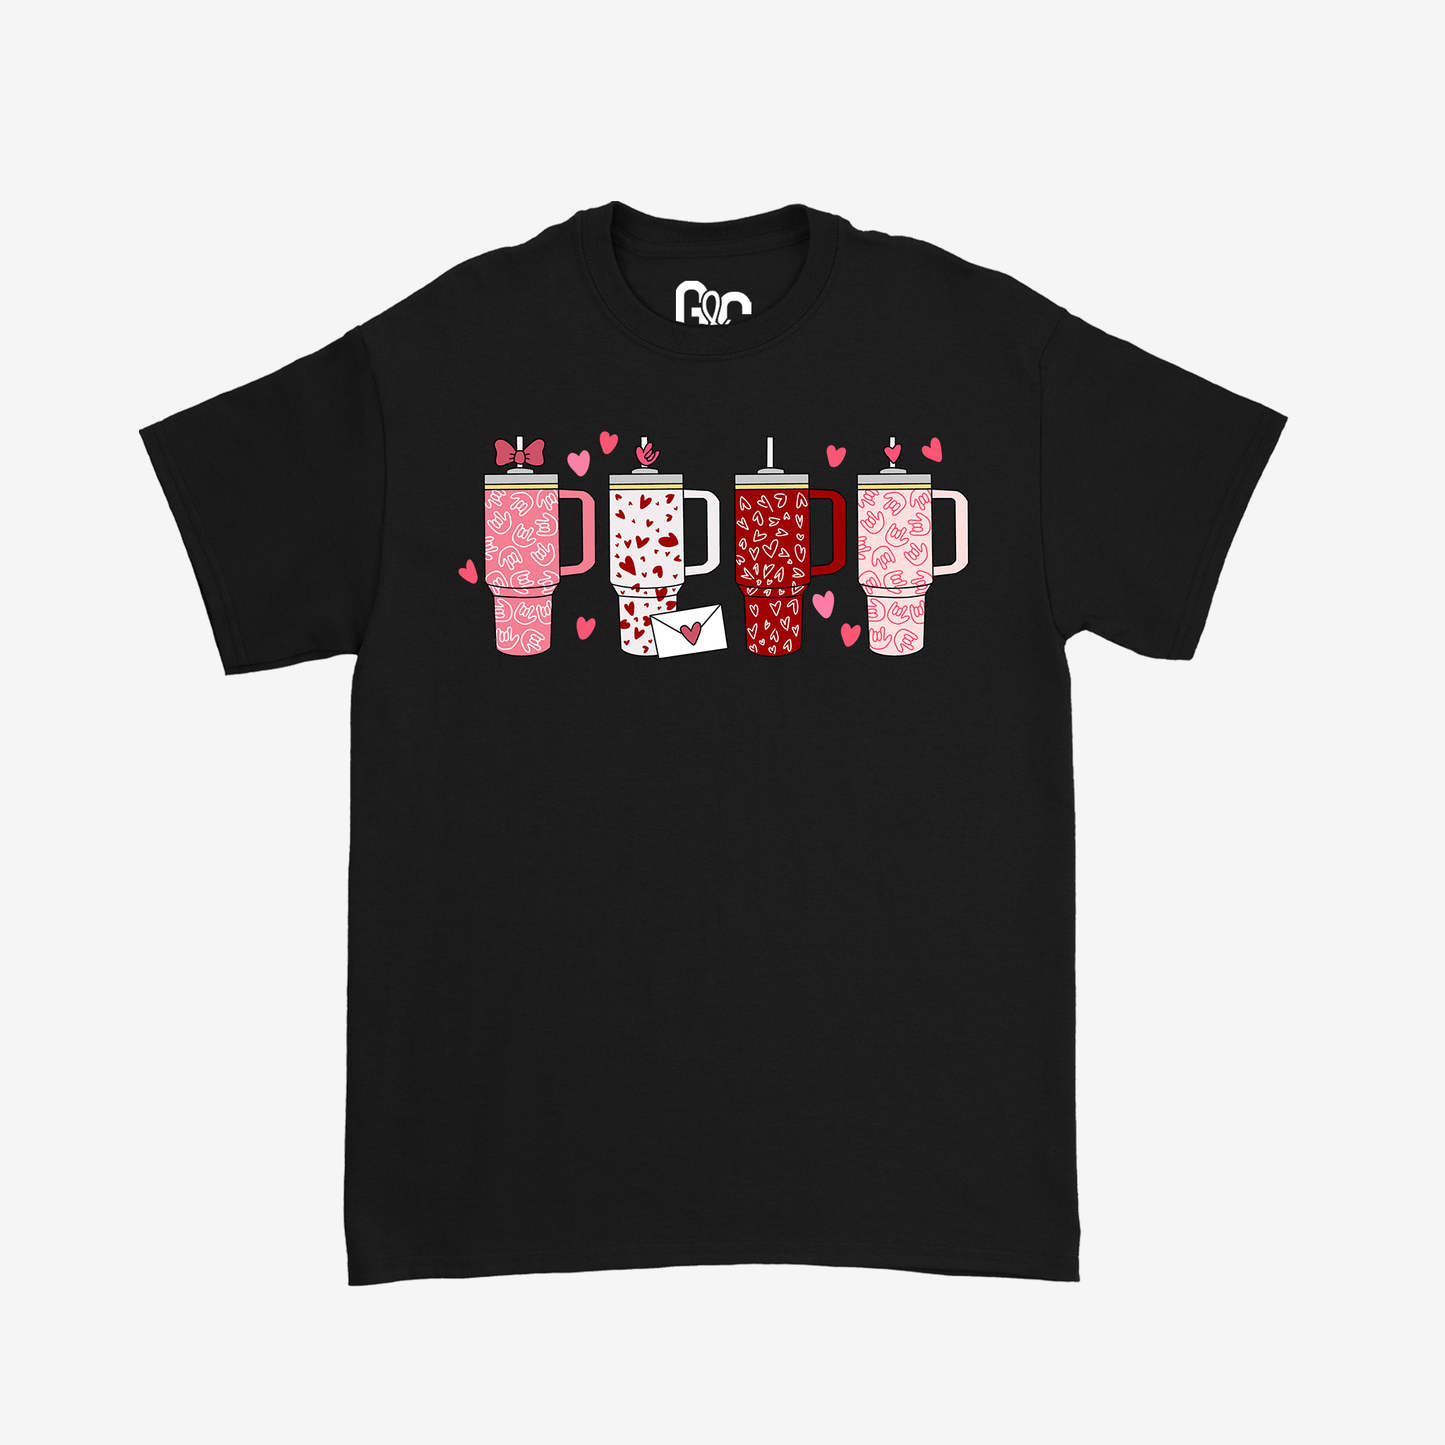 Stanley V-Day Cup Tee
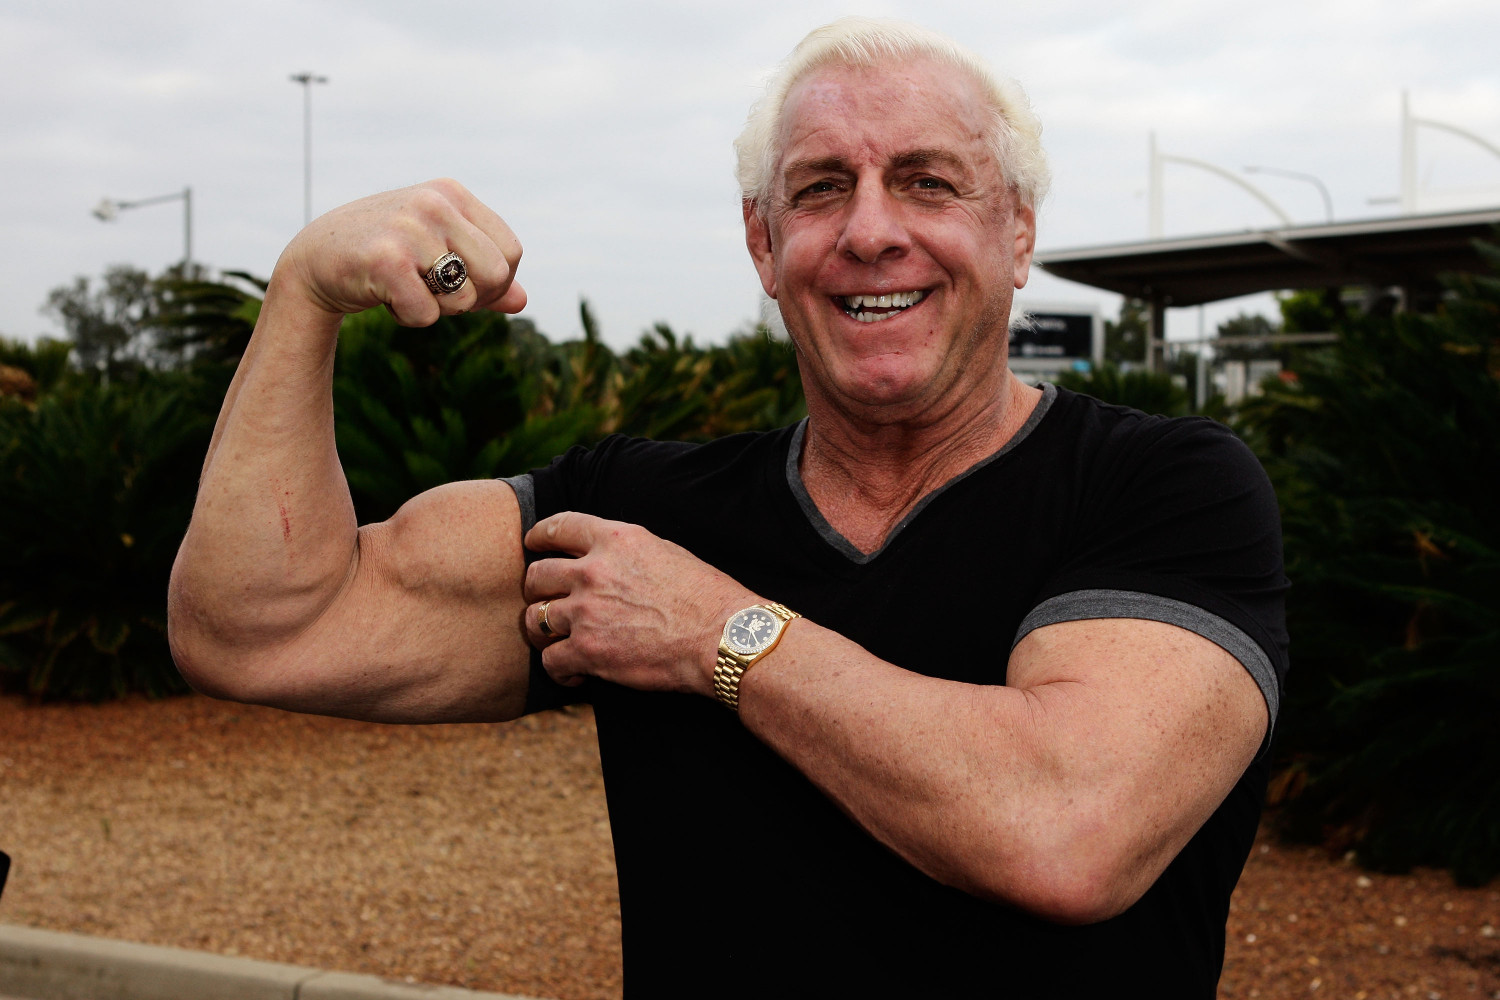 Wrestling Legend Ric Flair Returns From Hospital, Vows to ‘Woo’ Fans Again
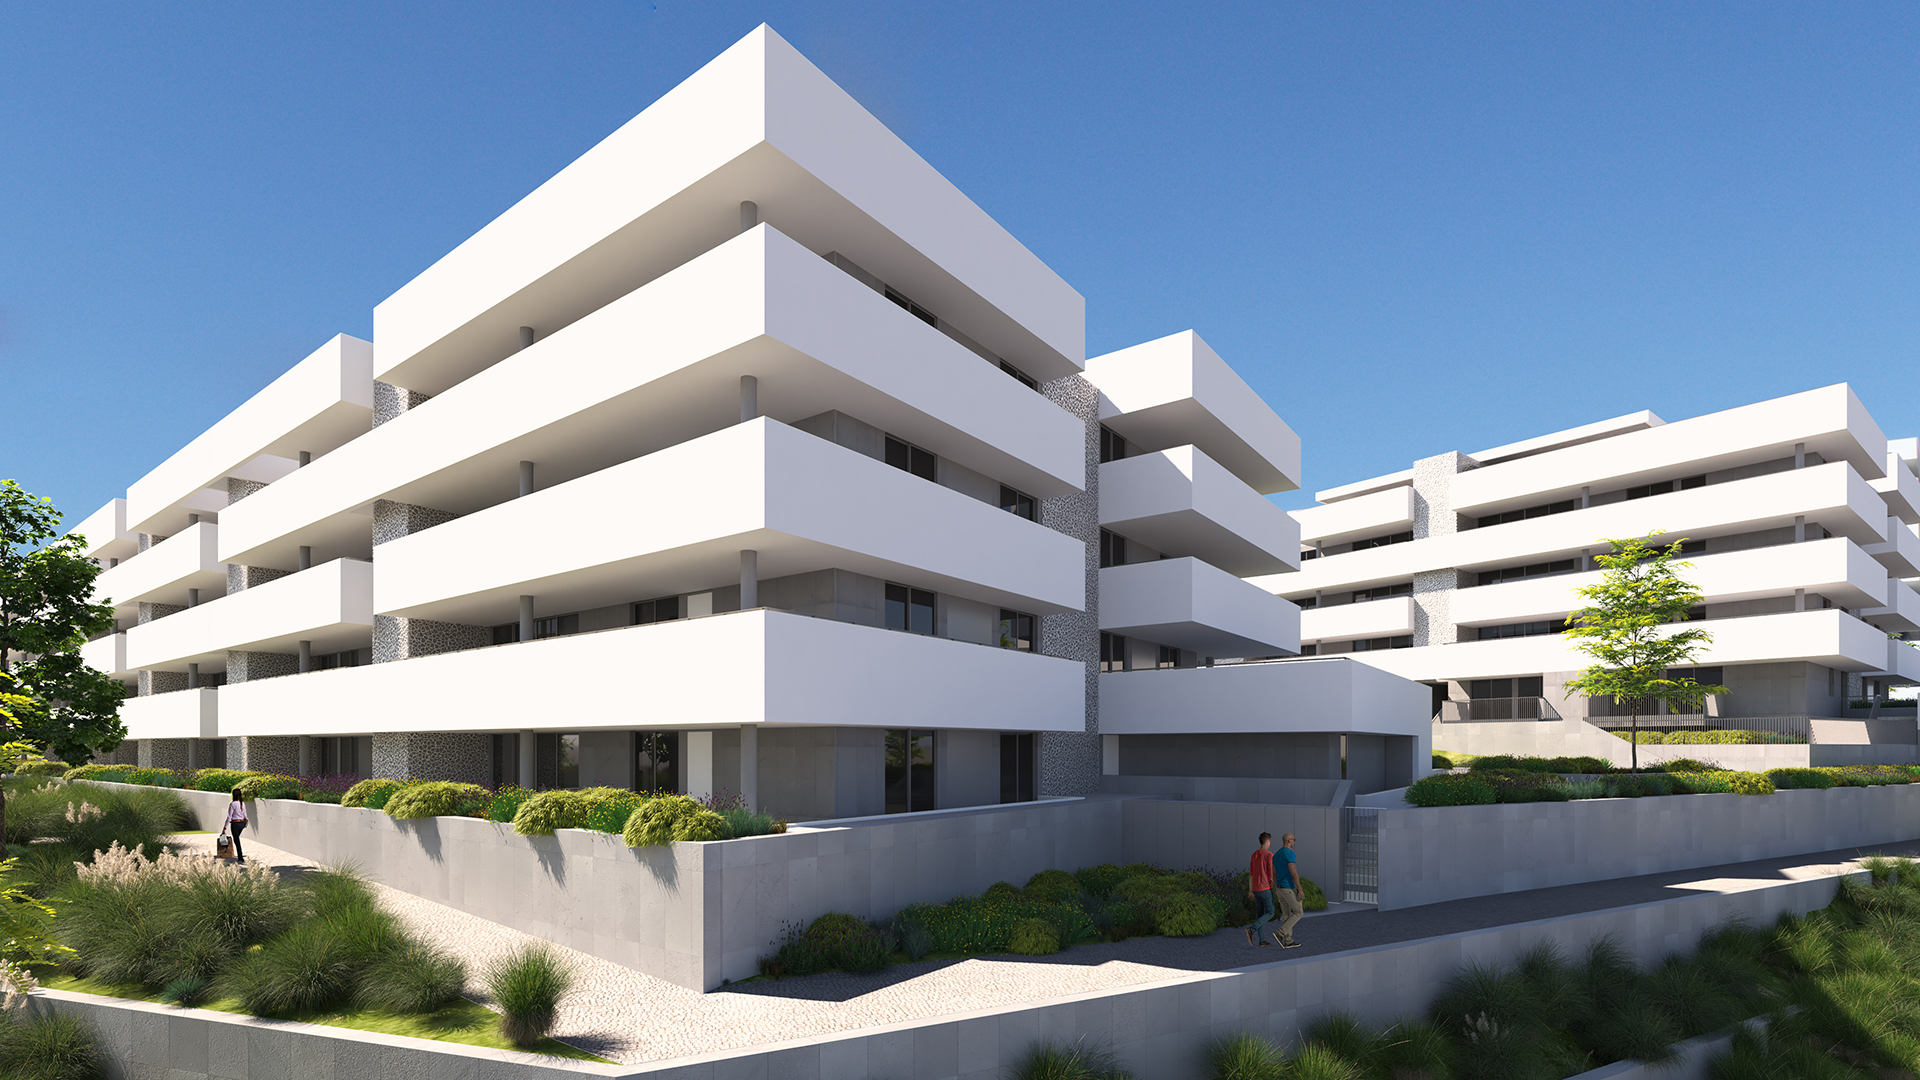 3 Bedroom apartments with communal pool, spa and sea views, Lagos, West Algarve  | LG1855 Fantastic apartment under construction, some with sea views, only a few minutes away from the old town of Lagos, the marina, the beautiful beaches and the golf course. Owners have access to a communal pool and spa area. 
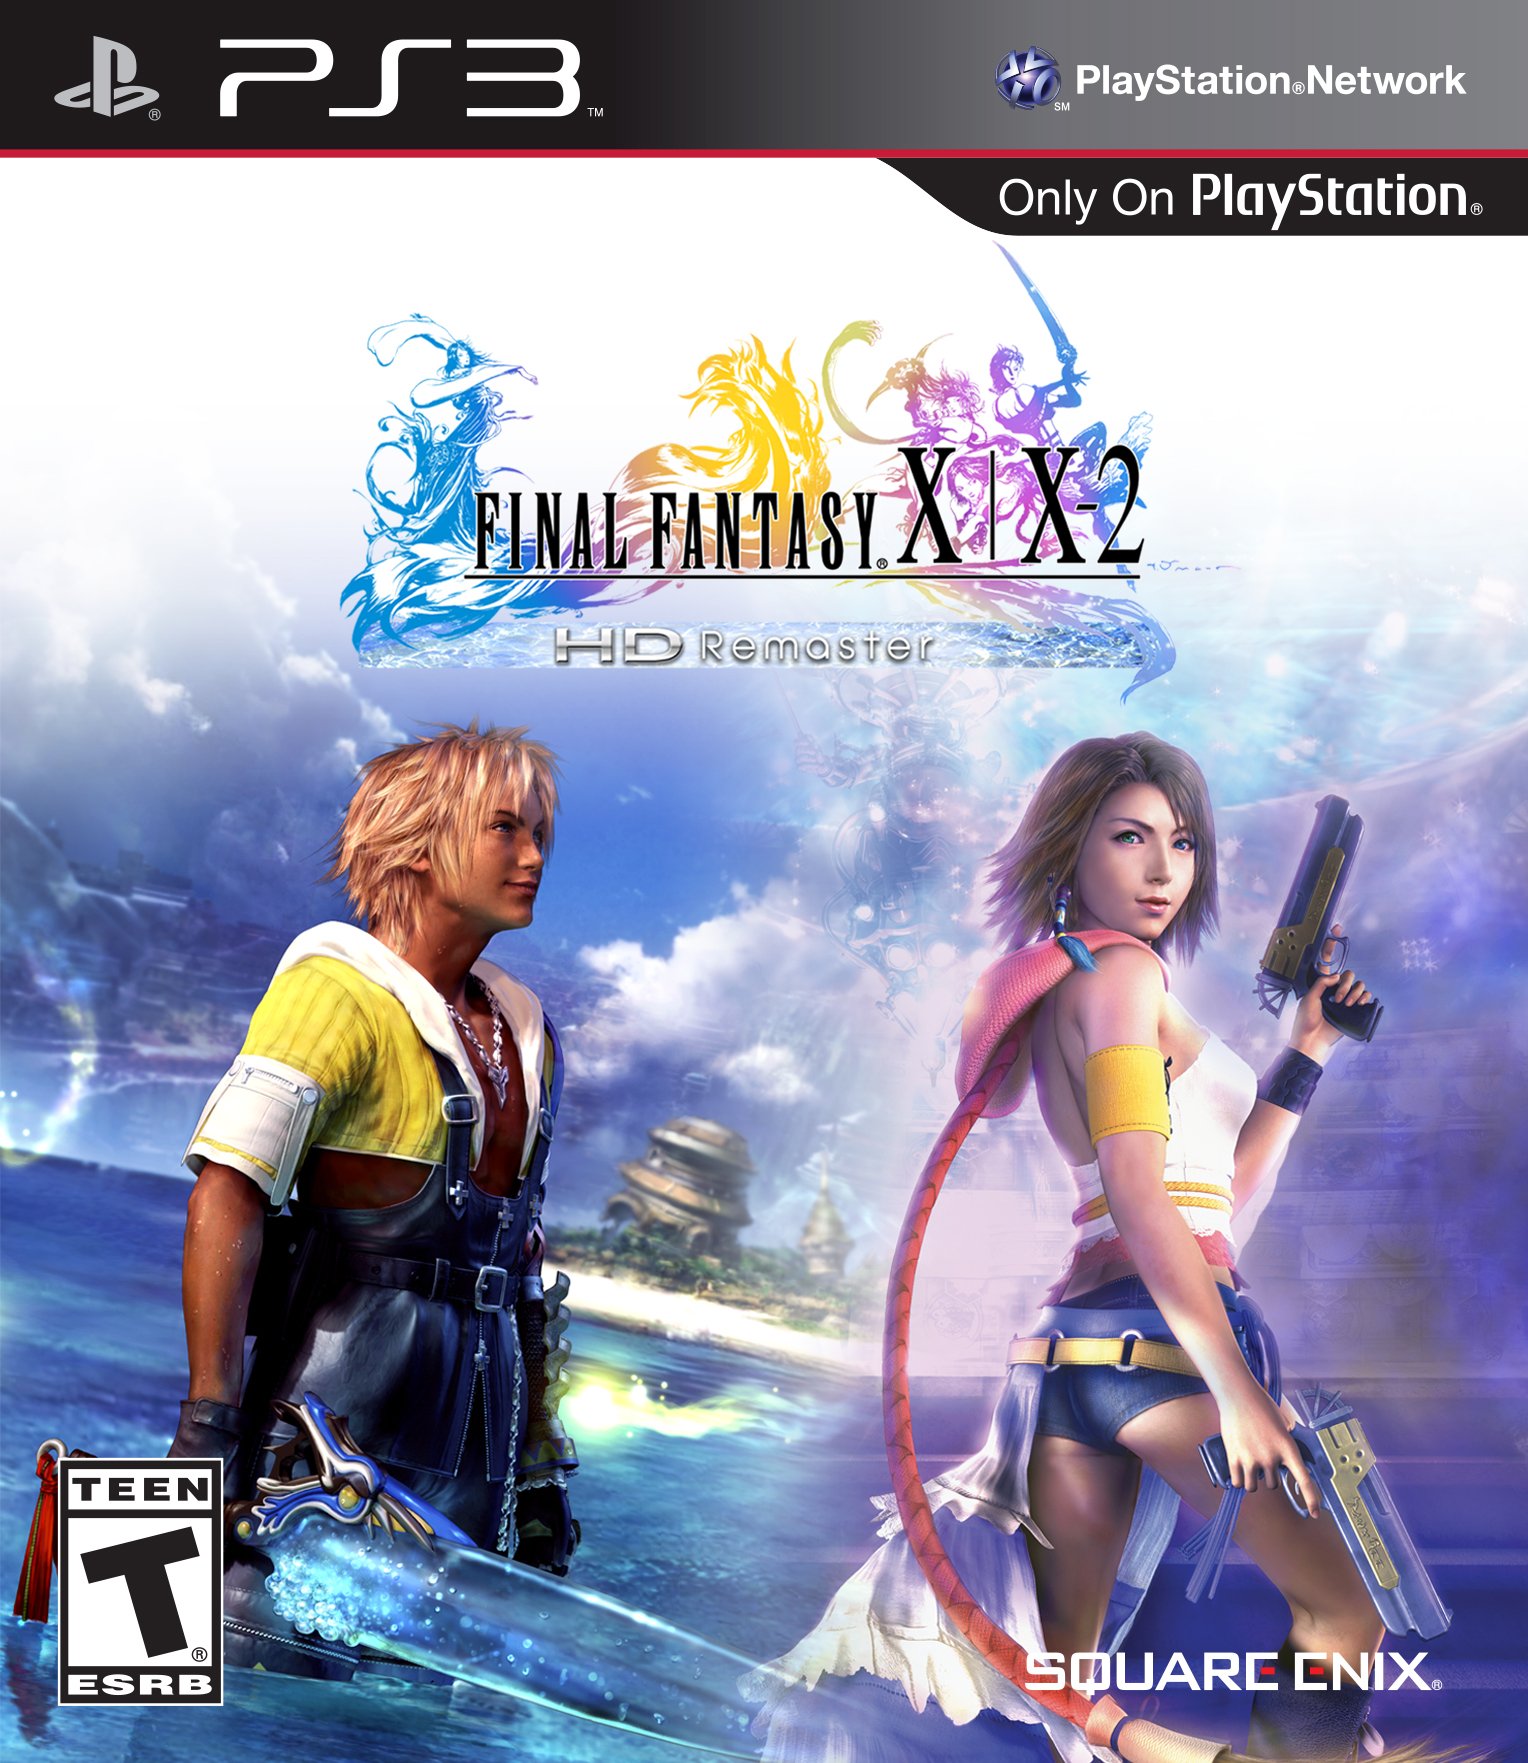 Final Fantasy X / X-2 HD Remaster, Square Enix, PlayStation 3, [Physical], 662248912264 - image 1 of 9

+++++

## [EXERCISE GOAL]
Give the data above back unchanged, except for the pictures.

## [SOLVED PROBLEM]
 Stanley V-Day Cup Tee
 Wrestling Legend Ric Flair Returns From Hospital, Vows to ‘Woo’ Fans Again
 3 Bedroom apartments with communal pool, spa and sea views, Lagos, West Algarve  | LG1855 Fantastic apartment under construction, some with sea views, only a few minutes away from the old town of Lagos, the marina, the beautiful beaches and the golf course. Owners have access to a communal pool and spa area. 
 Final Fantasy X / X-2 HD Remaster, Square Enix, PlayStation 3, [Physical], 662248912264 - image 1 of 9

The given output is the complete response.